In February of 2021, Forta received a
second draw of a PPP Loan in the amount of $422,900. Company believes that the loan will be forgiven.
In December 2020 Company entered into a
non-binding term sheet for the acquisition of two related companies with investment advisory practices. The term sheet contemplates
that Company will be issuing shares 8,000,000 shares of its common stock in exchange for 100% ownership of the two companies. The
owners of the two companies and some staff will become employees of Forta. The term sheet provides for a close of the transaction
in February 2021.
In December 2019, a novel strain of coronavirus,
referred to as COVID-19, was reported to have surfaced in Wuhan, China. Since then, COVID-19 has spread to other countries, including
the United States. In March 2020, the World Health Organization declared the COVID-19 outbreak a pandemic. Further, the President
of the United States declared the COVID-19 pandemic a national emergency. States in which we operate declared states of emergency
related to the spread of COVID-19 and issued executive orders directing individuals to stay at their place of residence for an
indefinite period of time.
The financial markets demonstrated significant
volatility in reaction to the virus outbreak. There has been considerable strain on companies in many sectors of the economy. Investors
suffered significant decreases in the value of their investment portfolios, and the economy has significantly shut down. It is
unclear when the economy will start up again, and the lingering effects are not known. During periods of high volatility and uncertainty
many investors choose to stop ongoing investment activity and sit on the sidelines until the markets become more stable.

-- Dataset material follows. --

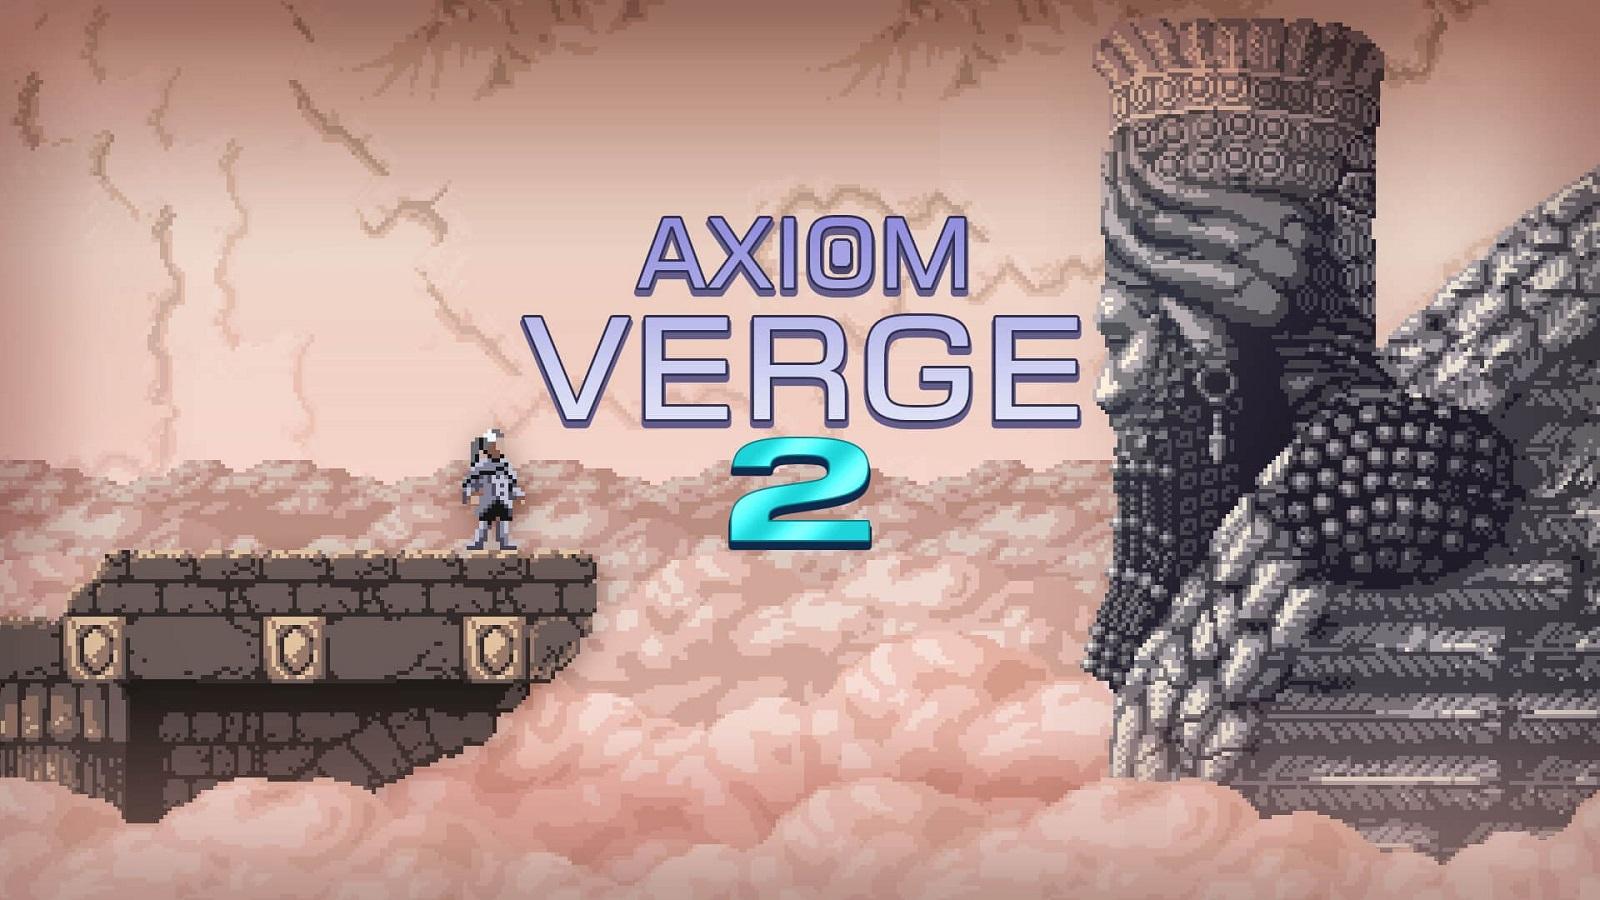 ПК-версия метроидвании Axiom Verge 2 оказалась временным эксклюзивом Epic Games Store
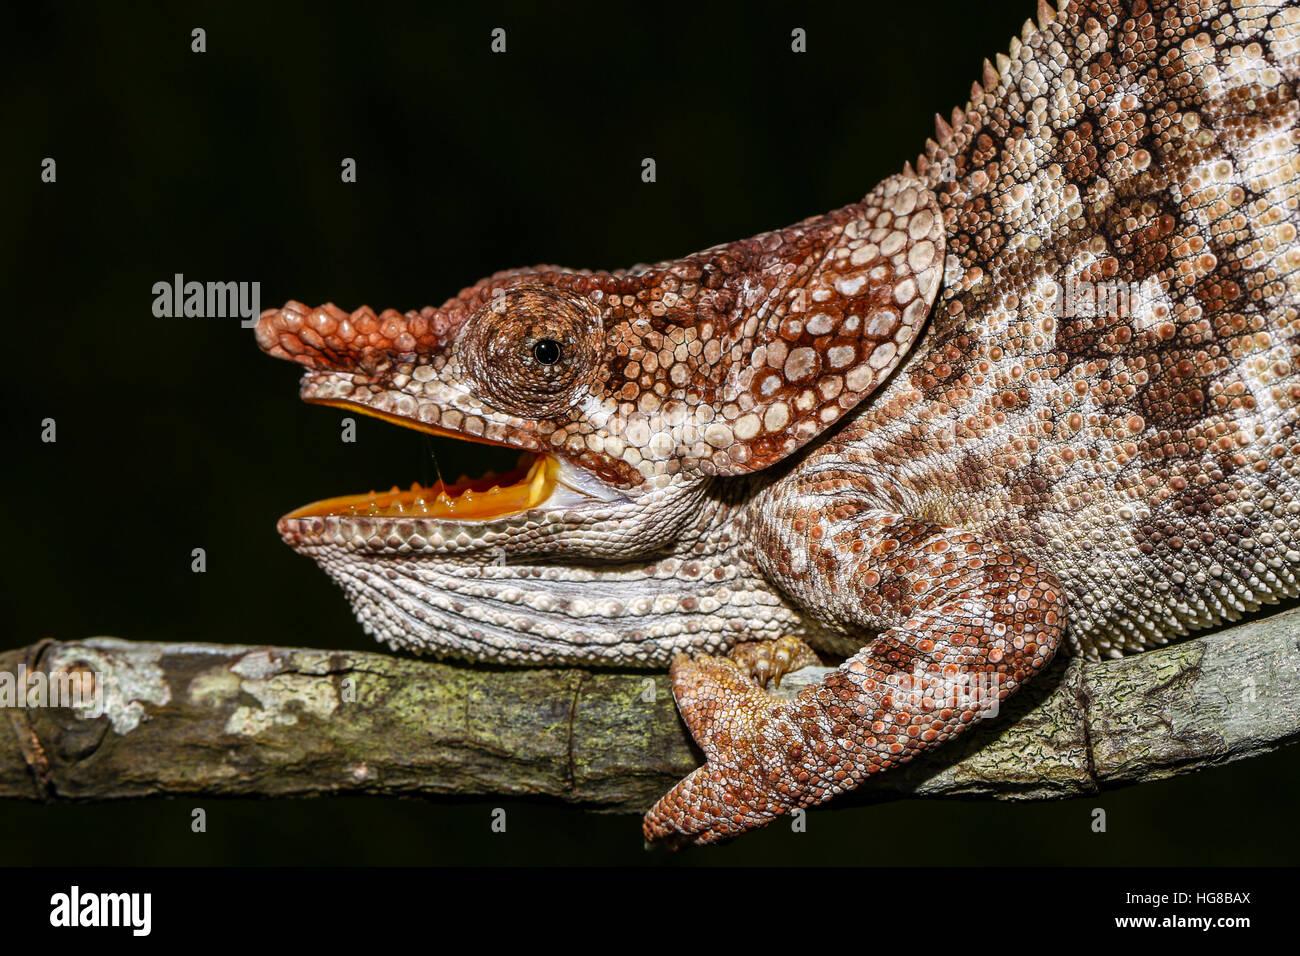 Male open-mouthed short-horned chameleon (Calumma brevicorne), Ampasimpotsy, Manakara, Madagascar - Stock Image

The Company’s revenues are adversely
affected when investors reduce their investment activities. In addition, part of Company’s revenues is based upon the value
of assets under management. If the investment portfolios of clients decrease in value, the fees charged for investment advice also
decreases.
The Company could be affected by lack of
access to its offices, although that seems to have had little short-term impact as employees have succeeded in maintaining productivity
while working remotely. The long-term effects, however, may present significant issues.
Any significant shutdown of the economy
for a sustained period will affect the Company’s revenue which could lead to losses.